Even the blind-Helen Keller was able to see beyond her darkness to understand life as a journey which must be full of adventures when she said “Life is either a daring adventure or nothing at all.”
As the first deaf-blind person to earn a Bachelor of Arts degree, Helen Keller could boast of having taken that daring adventure, considering her circumstance and what was a reasonable possibility of people of her kind, in those days. Beyond that, she lived as a prolific author, breaking the chains of deafness and blindness with a quest to become adventurous, unrestrained by fears of mistakes and failures…
What has your life become? A repetition of routines, backed by brilliant skills you’ve already acquired? That makes it a well comfortable life, living it all within your fine boundaries with no pinch of the daring adventures that your life should actually have.
Taking any sort of adventure—be it career or relationship can be frightening. Making an adventure a “daring one” even goes beyond that, it increases the shock levels, the risks and the possible unbearable consequences, but life without all these will leave you partly fulfilled with so many ‘What IFs’.
There are countless possibilities out there for us all, but for comfort and content reasons, we’ve boxed ourselves in what we have, have achieved and even when we make one step towards that daring adventure needed to bring the needed excitement into our lives, we quickly move 5 steps back, far from where we were.
I can’t imagine what life will be for some of us without those daring adventures caged in foreseeable and unforeseeable risks. Interestingly, the more we examine the various risks, the more backwards we move—without realizing we are robbing our short existence of some of the greatest and fun memories we can possibly ever have.
Life is short people say, and I say, it is even shorter than we all think. The years you will live does not determine how short or long your life was, rather what you actually did with those years—and the experiences, secrets and joy which will go down with you should be the measure of your true existence, anything else is bonus.
To me, the man or woman without mistakes, scars and lingering secrets is the person who has not lived at all, has been here and done the easy part of life. Your life should be demarcated by the memories you have, the knowledge you’ve acquired and all the other things you will be buried with. Once again, every other thing like the houses, families, friends and money that you will leave behind are not yours, they remain the bonuses of your existence. Whatever is yours, you should be able to go down the grave with it.
I remember clearly my last day at Adisadel College when most of our mates were writing their nicknames with white paint on the walls. Despite knowing the inscriptions would be removed by the next Monday when they are gone, many wrote things like ‘Bob Satan was here some’, ‘Twesparoo passed through’ among others.
When it came to me, there was no need to write anything. Apart from the fact these guys were wasting their time because of the imminent removal of what they were writing; my years on campus was a daring adventure—academically and off the books. I knew for sure that, until the first year students leave (3 years to come) and even beyond, my name will be on the lips of so many and the memories will live on… How are you writing down your impact? With a paint that can easily be cleaned or with strange and daring adventures engrained in memories?
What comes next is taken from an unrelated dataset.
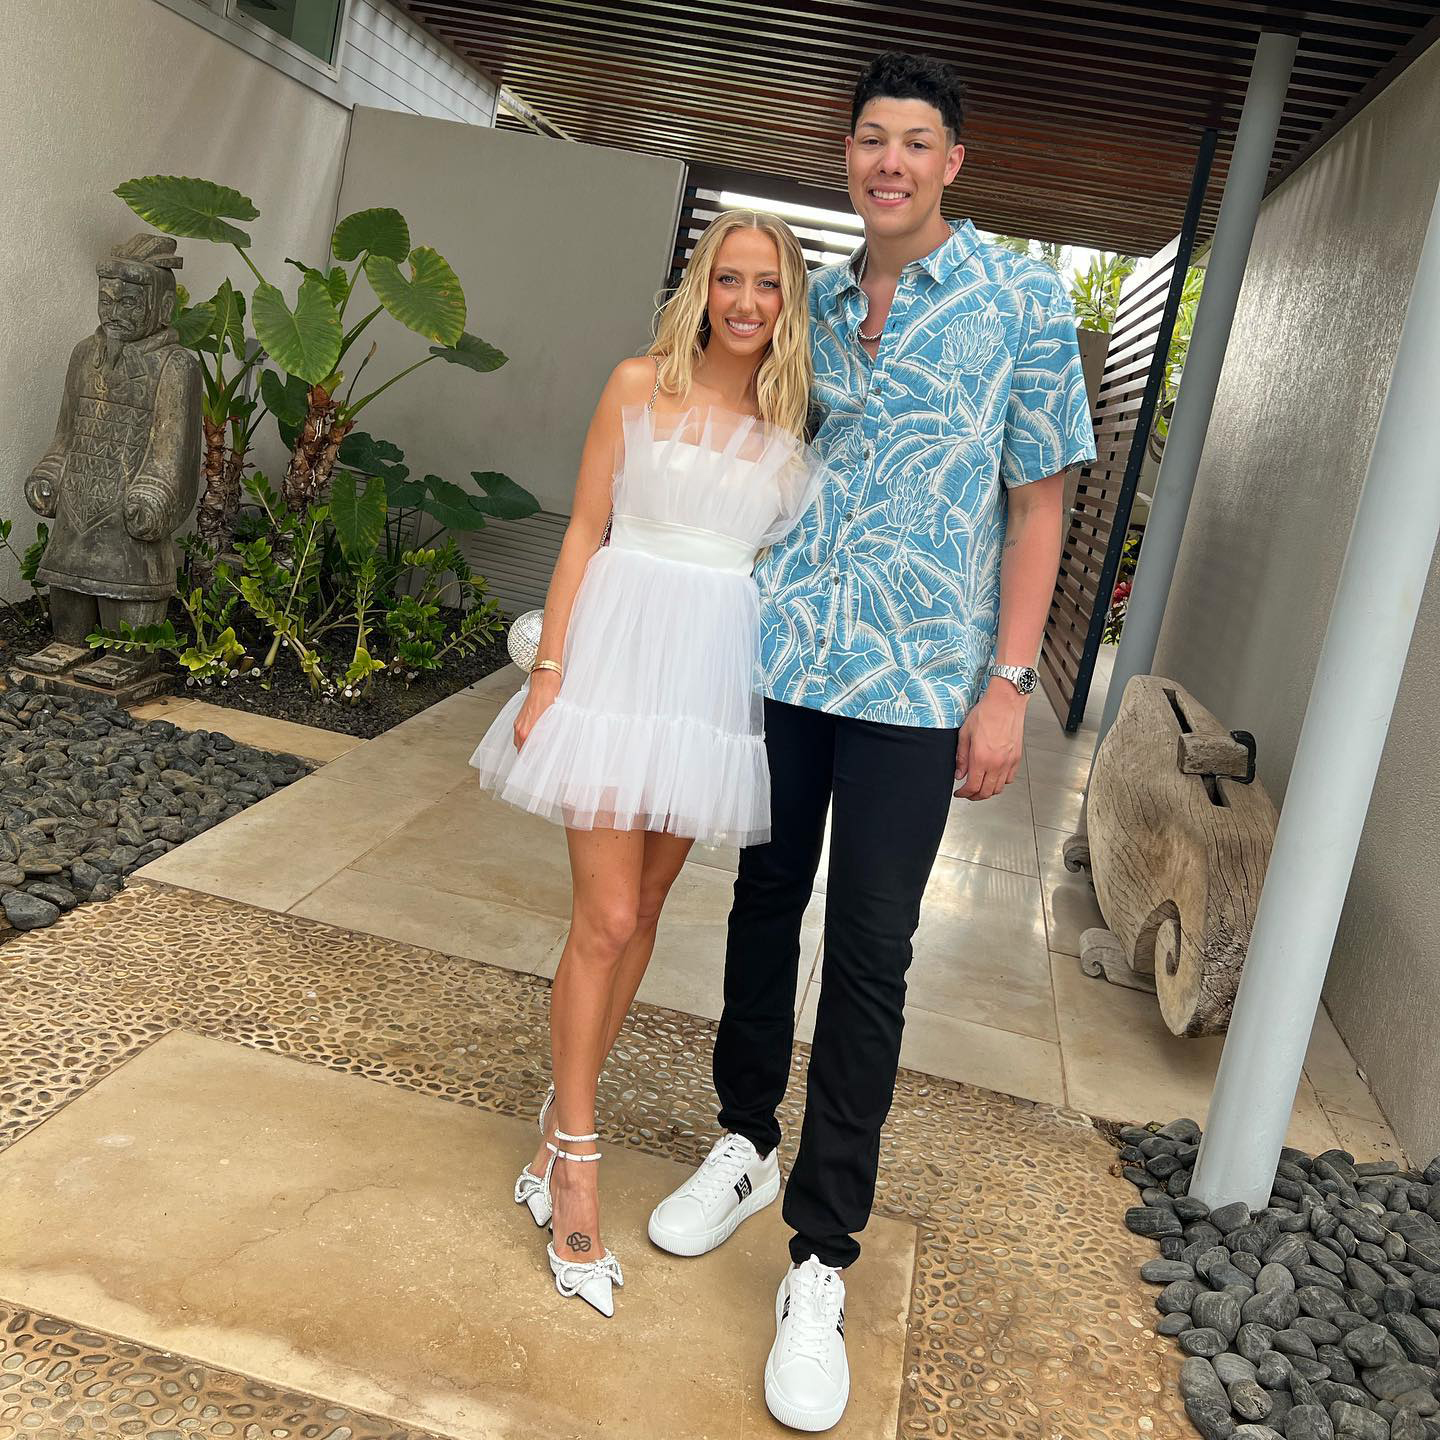 Inside NFL Athlete Patrick Mahomes and Fiancee Brittany Matthews’ Pre-Wedding Celebrations in Hawaii: Photos

What has your life experience been? The more mistakes you’ve made, the higher you’ve pushed yourself beyond your capabilities and the more memories you will have to take home with you—that one day, when you will have to leave behind all those things you’ve all along falsely thought are truly yours.
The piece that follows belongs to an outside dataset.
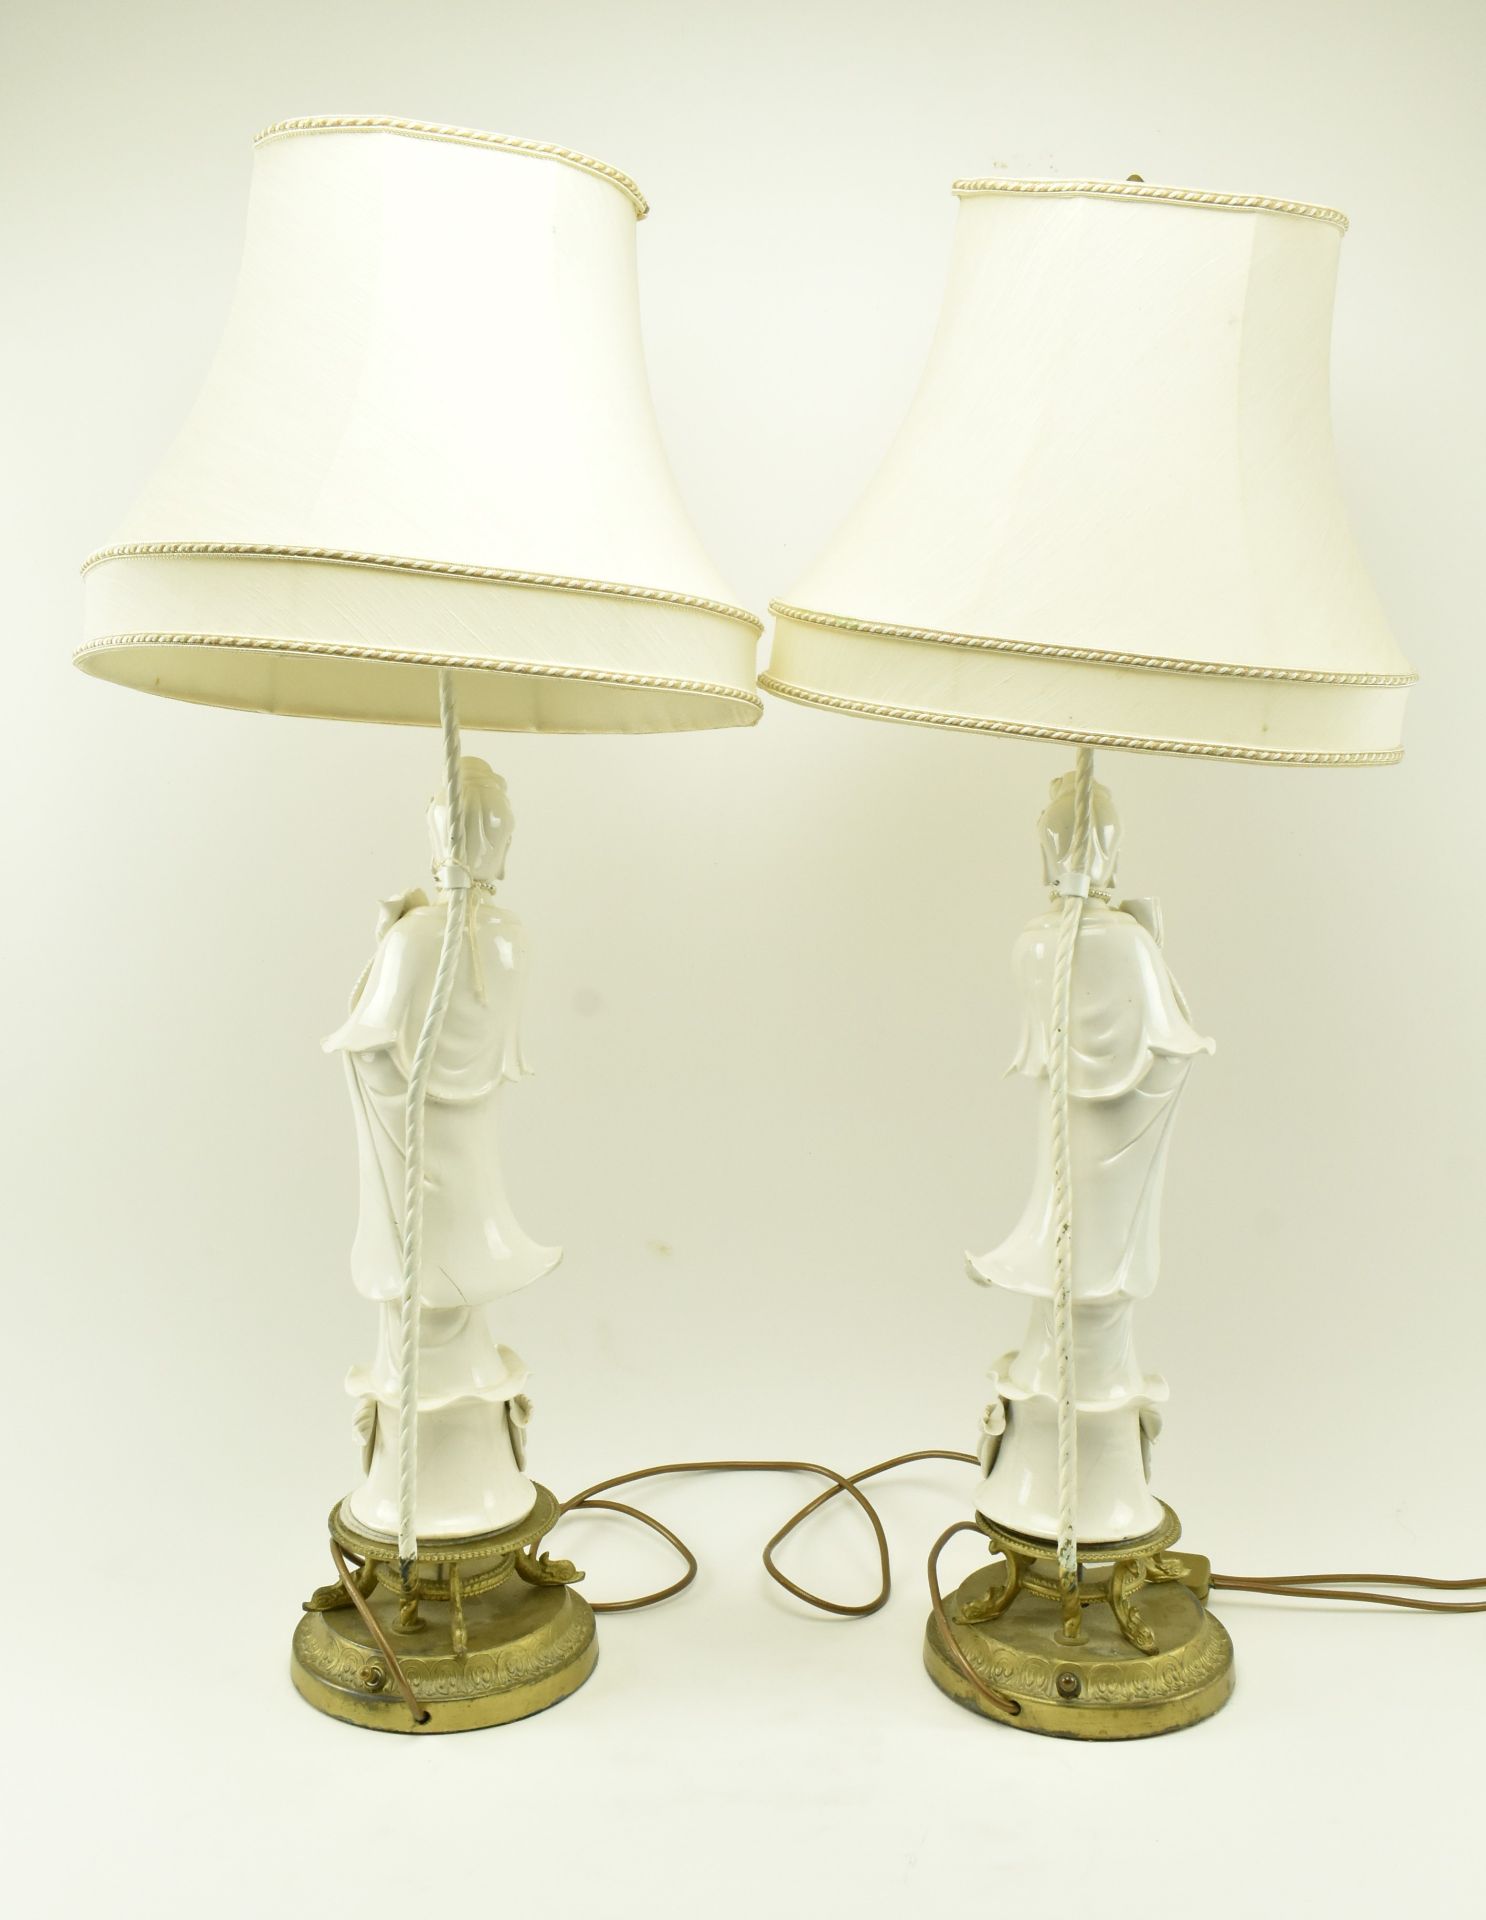 PAIR OF CHINESE REPUBLIC PERIOD BLANC DE CHINE GUANYIN LAMPS - Image 8 of 9

I cherish adventures, as much as I cherish mistakes—in fact; they seem to be the same as one breeds the other. If there is anything you so much want to do in life, now is the time to spark the engine, fuel your passion, live the obsession and take charge of your existence.
When people talk about mistakes and how wasteful some journeys they took were in their lives, I look at them and say, you did not have a wasteful journey, you had a daring adventure but you probably did not enjoy it because you failed to recognise it.
I spent 2 years in a College studying a subject I did not like but I will never talk ‘slack’ of that adventure and the 2 long years’ adventure shaped me into something else. I enjoyed the adventure and left with at least far enough knowledge on a subject I would probably never have known.
I grew up on adventures, entrenched in the aftershocks of the many ‘Adventures of Tintin’ books I spent my valuable study time reading—while my mates read the boring ‘Mensah and Dede’, just because that was expected of them and they needed that to pass the exams.
I recently took an adventurous 16-17 hours road trip from London to Cannes which created about 1000 euros hole in my bank (fuel, exorbitant tolls and overnight hotel stays) when a flight from London to Cannes would have cost me less than 70 pounds and under 2 hours. But you cannot compare any amount of money to the experience and memories of that long road trip—experience and memories I will take down with me to the grave.
I think I have been a risk taker all my life, on a constant search for that daring adventure which will not only uplift my being, but drag me back—somehow, because with risks come mistakes. And with all these come that feeling of “Hmmm” which you can fake but it will NEVER have the same relief or discomposure.
Despite our careful lives, each of us has those things we so much want to do and will remain a wish for many people, except those who are daring enough to set the adventurous ideas in motion.
If Helen Keller could rise beyond what was normal, expected and planned for someone like her to live that daring adventurous life, what stops you from taking that long but exciting journey to your land of adventures.